They want us to think, as did
Psycho's Norman Bates channeling his long-dead mother, that "[t]hey'll see and they'll know and they'll say, 'Why she wouldn't even harm a fly.'"
Stanley Kurtz at
NRO;
Ann Althouse, a law professor at the University of Wisconsin who has her own blog site; and the Wall Street Journal's
James Taranto have taken the lead in this fight to expose Piven and her defenders.
In my opinion, they clearly have the better of it.
In the course of this brouhaha, it becomes apparent that leftist academics don't want to be and should not be taken seriously, that the cultural elite can dish out violent rhetoric but cannot take being called on it, that the NYT has blundered into another loser of an argument, and that people who want to waste their tuition money should major in sociology, which has obviously become the redoubt of clueless, revolutionary manqués.
Piven's battlefield was not the barricades, but rather a book she co-authored in 1977 and (twice now) the pages of The Nation, the magazine edited by a very wealthy woman who, along with cloistered academics like Piven, somehow believes she speaks for the dispossessed.
Piven and her husband took the first shot in a 1966 Nation
article, "The Weight of the Poor: A Strategy to End Poverty." In this work, the couple advocated using the poor to so completely swamp the welfare system with demands that it would shock the Democratic Party into enacting major reforms. Some have argued that this tactic so overwhelmed New York City and the state of New York that it bankrupted them.
In the following years, the pair added to their notion of overwhelming local welfare services the notion of greatly increasing the number of poor voters by motor voter registration laws, which most certainly have facilitated fraud, including the voting by illegal aliens and others statutorily ineligible to vote. In effect, Cloward and Piven moved the target of forcing overwhelming demands on the system from welfare offices to election bureaus, seriously disrupting the election process.
Here is a picture of Cloward and Piven with then-President Clinton at the signing of the Motor Voter law.
In 1977, she and her husband wrote a book, which Kurtz summarizes:
At the heart of the book, Cloward and Piven luxuriously describe instances of "mob looting," "rent riots," and similar disruptions, egged on especially by Communist-party organizers in the 1930s.
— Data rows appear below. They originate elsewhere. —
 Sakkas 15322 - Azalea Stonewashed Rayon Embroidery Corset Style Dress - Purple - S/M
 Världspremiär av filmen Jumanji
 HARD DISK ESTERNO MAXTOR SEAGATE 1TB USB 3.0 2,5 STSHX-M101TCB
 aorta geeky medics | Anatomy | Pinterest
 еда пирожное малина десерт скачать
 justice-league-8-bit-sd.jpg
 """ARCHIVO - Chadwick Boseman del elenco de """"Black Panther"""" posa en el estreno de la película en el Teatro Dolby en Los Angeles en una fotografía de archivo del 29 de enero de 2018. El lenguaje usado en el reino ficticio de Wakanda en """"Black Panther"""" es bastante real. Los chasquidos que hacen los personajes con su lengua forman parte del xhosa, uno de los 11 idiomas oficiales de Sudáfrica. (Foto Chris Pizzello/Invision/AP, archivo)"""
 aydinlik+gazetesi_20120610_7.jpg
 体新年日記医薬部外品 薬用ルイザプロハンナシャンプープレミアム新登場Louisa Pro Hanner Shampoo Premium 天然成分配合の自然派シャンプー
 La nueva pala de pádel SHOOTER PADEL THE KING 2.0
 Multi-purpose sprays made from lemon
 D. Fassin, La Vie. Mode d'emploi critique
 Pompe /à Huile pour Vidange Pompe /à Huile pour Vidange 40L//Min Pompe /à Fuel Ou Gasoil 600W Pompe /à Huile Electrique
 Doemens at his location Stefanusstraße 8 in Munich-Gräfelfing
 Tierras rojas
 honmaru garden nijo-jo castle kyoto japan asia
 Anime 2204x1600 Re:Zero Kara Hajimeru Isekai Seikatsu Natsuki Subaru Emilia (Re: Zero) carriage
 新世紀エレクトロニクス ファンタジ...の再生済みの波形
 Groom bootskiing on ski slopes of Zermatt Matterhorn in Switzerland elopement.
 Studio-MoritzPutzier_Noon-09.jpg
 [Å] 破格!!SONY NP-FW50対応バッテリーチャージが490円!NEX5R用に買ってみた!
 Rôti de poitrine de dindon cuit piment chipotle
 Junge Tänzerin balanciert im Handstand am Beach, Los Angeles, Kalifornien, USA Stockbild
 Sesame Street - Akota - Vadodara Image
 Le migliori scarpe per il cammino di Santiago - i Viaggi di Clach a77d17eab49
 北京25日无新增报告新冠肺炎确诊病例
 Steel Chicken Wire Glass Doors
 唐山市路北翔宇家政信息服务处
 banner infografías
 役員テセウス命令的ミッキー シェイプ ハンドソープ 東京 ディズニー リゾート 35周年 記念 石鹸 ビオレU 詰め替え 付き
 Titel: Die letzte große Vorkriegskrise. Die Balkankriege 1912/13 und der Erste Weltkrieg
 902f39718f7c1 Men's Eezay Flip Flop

Many of those violent protests resulted in injuries. A few led to deaths. The central argument of Poor People's Movements is that it was not formal democratic activity but violent disruptions inspired by leftist organizers that forced the first great expansion of the welfare state. Toward the end of the book, when Cloward and Piven describe their own work with the National Welfare Rights Organization, they treat the violent urban rioting of the Sixties as a positive force behind that era's expansion of the welfare state.
And there the ravings of Piven might have remained -- lost in the mists of history, her advocacy of concerted violently disruptive actions deliberately designed to make orderly democratic action harder, if not impossible, almost unknown to most of us. Her unmistakable will to substitute her radical beliefs for the voters' more temperate ones and her chosen leaders for those democratically elected have not atrophied with old age, however.
On January 10, Piven authored yet another
piece in The Nation,
"Mobilizing the Jobless," which brought fresh scrutiny to her unremitting advocacy of radical, violent action.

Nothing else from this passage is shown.